Work task:
Reproduce exactly, from the data that follows, the line with "Autumn Smiley T-Shirt", the line with "Handmade pendant designer", and every line that lies between them.

(Stored records)
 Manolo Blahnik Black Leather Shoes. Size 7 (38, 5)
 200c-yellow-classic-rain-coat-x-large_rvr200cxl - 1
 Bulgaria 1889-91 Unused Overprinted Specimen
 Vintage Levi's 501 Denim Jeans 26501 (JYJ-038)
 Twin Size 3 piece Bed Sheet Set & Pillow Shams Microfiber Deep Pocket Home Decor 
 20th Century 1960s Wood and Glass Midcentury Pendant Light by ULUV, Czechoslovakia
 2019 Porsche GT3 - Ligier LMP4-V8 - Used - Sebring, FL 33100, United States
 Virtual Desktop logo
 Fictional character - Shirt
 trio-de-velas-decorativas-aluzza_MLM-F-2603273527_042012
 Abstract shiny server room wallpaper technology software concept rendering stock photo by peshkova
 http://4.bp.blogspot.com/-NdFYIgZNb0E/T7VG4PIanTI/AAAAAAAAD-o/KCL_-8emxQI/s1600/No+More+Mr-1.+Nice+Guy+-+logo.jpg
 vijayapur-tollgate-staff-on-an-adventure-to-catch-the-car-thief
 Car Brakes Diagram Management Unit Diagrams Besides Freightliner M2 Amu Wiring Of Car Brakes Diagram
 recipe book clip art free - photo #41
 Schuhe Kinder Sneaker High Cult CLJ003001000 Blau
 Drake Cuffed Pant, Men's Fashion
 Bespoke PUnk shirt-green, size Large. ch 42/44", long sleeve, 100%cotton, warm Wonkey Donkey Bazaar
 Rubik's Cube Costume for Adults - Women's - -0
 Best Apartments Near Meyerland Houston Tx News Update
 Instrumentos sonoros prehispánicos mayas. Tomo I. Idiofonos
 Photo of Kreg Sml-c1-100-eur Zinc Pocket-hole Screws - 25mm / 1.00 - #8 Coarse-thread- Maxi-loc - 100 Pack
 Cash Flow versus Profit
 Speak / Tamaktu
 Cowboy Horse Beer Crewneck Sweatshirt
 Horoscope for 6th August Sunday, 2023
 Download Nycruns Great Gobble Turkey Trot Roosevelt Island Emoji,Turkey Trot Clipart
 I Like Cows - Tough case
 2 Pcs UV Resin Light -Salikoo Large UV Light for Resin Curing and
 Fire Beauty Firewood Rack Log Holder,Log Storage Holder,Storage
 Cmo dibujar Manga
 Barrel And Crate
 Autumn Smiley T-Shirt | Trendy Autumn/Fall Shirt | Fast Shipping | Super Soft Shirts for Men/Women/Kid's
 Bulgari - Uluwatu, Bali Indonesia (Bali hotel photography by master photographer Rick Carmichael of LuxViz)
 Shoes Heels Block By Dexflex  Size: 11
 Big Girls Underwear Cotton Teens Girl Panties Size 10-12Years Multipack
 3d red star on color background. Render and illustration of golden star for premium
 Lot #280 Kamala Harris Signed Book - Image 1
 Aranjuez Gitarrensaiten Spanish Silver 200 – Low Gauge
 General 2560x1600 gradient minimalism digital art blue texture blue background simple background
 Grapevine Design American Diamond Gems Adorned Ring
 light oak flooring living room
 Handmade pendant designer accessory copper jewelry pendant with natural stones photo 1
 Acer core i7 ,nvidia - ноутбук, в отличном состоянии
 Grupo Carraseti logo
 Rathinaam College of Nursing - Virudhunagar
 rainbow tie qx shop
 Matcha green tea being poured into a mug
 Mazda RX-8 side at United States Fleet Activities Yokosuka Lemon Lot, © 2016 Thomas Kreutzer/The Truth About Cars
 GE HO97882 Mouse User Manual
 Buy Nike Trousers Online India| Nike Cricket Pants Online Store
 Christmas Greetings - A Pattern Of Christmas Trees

Solved exercise:
 Autumn Smiley T-Shirt | Trendy Autumn/Fall Shirt | Fast Shipping | Super Soft Shirts for Men/Women/Kid's
 Bulgari - Uluwatu, Bali Indonesia (Bali hotel photography by master photographer Rick Carmichael of LuxViz)
 Shoes Heels Block By Dexflex  Size: 11
 Big Girls Underwear Cotton Teens Girl Panties Size 10-12Years Multipack
 3d red star on color background. Render and illustration of golden star for premium
 Lot #280 Kamala Harris Signed Book - Image 1
 Aranjuez Gitarrensaiten Spanish Silver 200 – Low Gauge
 General 2560x1600 gradient minimalism digital art blue texture blue background simple background
 Grapevine Design American Diamond Gems Adorned Ring
 light oak flooring living room
 Handmade pendant designer accessory copper jewelry pendant with natural stones photo 1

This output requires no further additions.